3) Tes Uraian Tertulis

Tes uraian tertulis ini dapat digunakan sebagai alat untuk mendeteksi miskonsepsi siswa. Hasil tes menggunakan tes uraian ini dapat diketahui miskonsepsi yang dibawa siswa dan dalam bidang apa. Setelah ditemukan miskonsepsinya, dapatlah beberapa siswa diwawancarai untuk lebih mendalami, mengapa mereka mempunyai gagasan seperti itu. Hasil wawancara itulah akan kentara dari mana miskonsepsi itu dibawa.

4) Wawancara Diagnosis

Wawancara berdasarkan beberapa konsep tertentu dapat dilakukan juga untuk melihat konsep alternatif atau miskonsepsi pada siswa (Suparno, 2005: 126). Peneliti dapat menggunakan cara wawancara ini dengan memilih beberapa konsep tertentu yang diperkirakan sulit dimengerti oleh siswa atau konsep yang pokok yang akan diajarkan. Kegiatan wawancara ini mengajak siswa untuk mengekspresikan gagasan mereka mengenai konsep-konsep di atas. Melalui kegiatan ini dapat mengetahui konsep alaternatif yang ada dan sekaligus peneliti menanyakan dari mana mereka memperoleh konsep alternatif tersebut.

5) Diskusi dalam kelas

Melalui diskusi di dalam kelas siswa diminta untuk mengungkapkan gagasan mereka tentang konsep yang sudah diajarkan atau yang hendak diajarkan. Melalui diskusi tersebut dapat dideteksi apakah gagasan yang diutarakan oleh siswa tepat atau tidak. Kegiatan diskusi ini peneliti dapat mengetahui apakah terjadi miskonsepsi atau tidak.

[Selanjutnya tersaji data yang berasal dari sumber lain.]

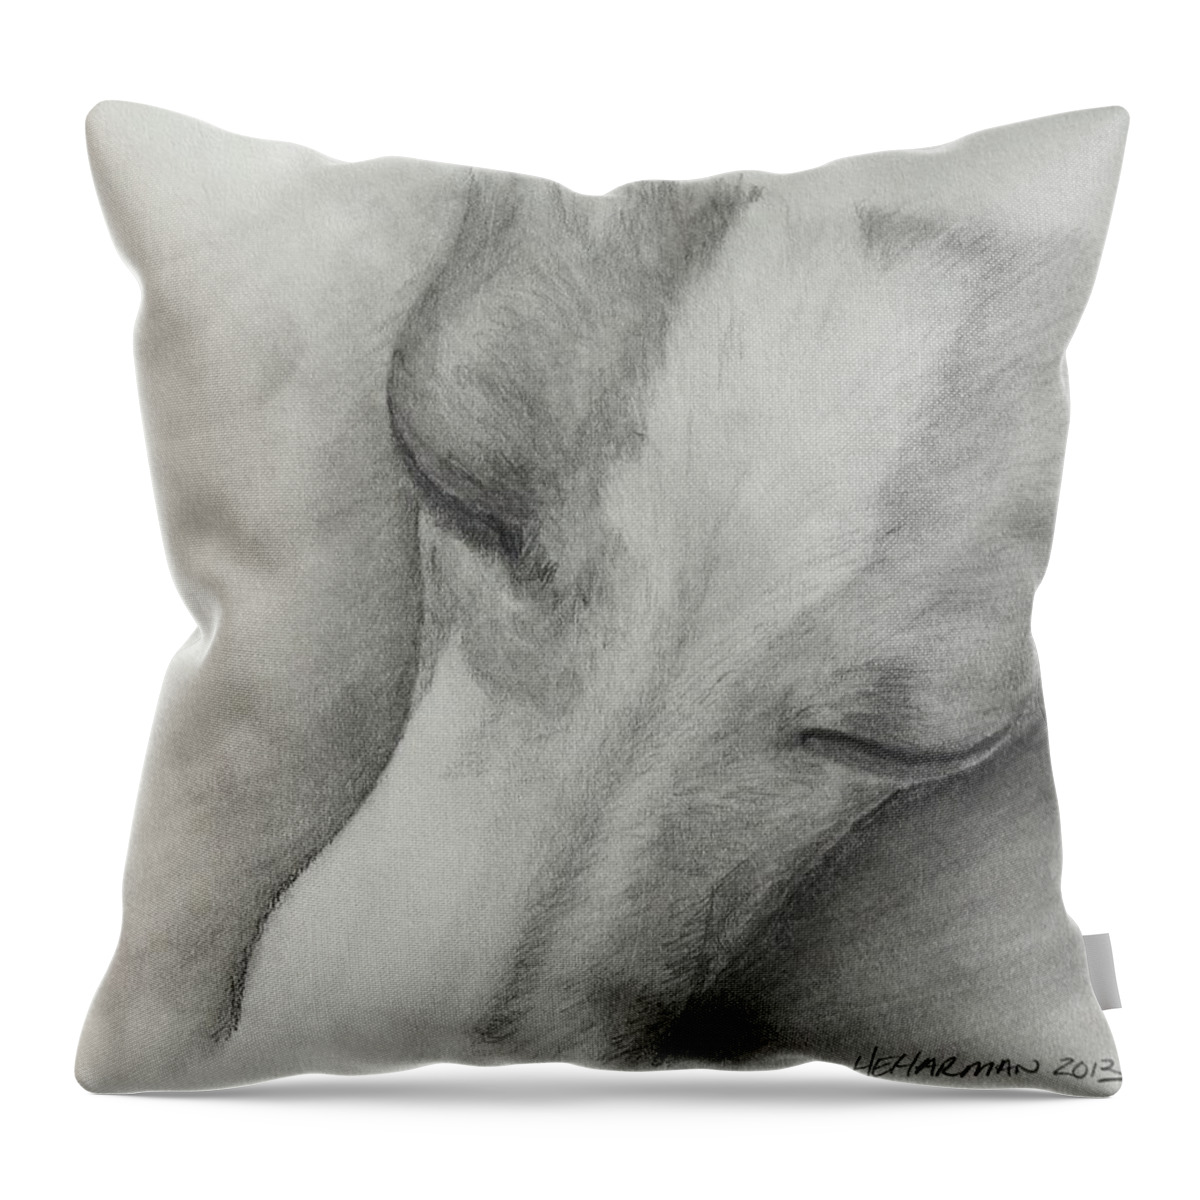 Italian Greyhound Throw Pillow featuring the drawing Comfy by Heather E Harman

6) Praktikum dengan Tanya Jawab

Praktikum dengan tanya jawab antara guru dengan siswa dengan melakukan praktikum dapat digunakan untuk mendeteksi apakah siswa mempunyai miskonsepsi tentang konsep praktikum itu atau tidak (Suparno, 2005: 128). Selama praktikum sebaiknya guru selalu bertanya bagaimana konsep siswa dan bagaimana siswa menjelaskan persoalan-persoalna dalam praktikum tersebut. Melalui praktikum ini siswa dapat belajar suatu konsep dan menemukan konsep sendiri. Konsep yang ditemukan oleh siswa tersebut ditanyakan kepada guru apakah konsep yang mereka dapatkan melalui praktikum tersebut benar atau salah.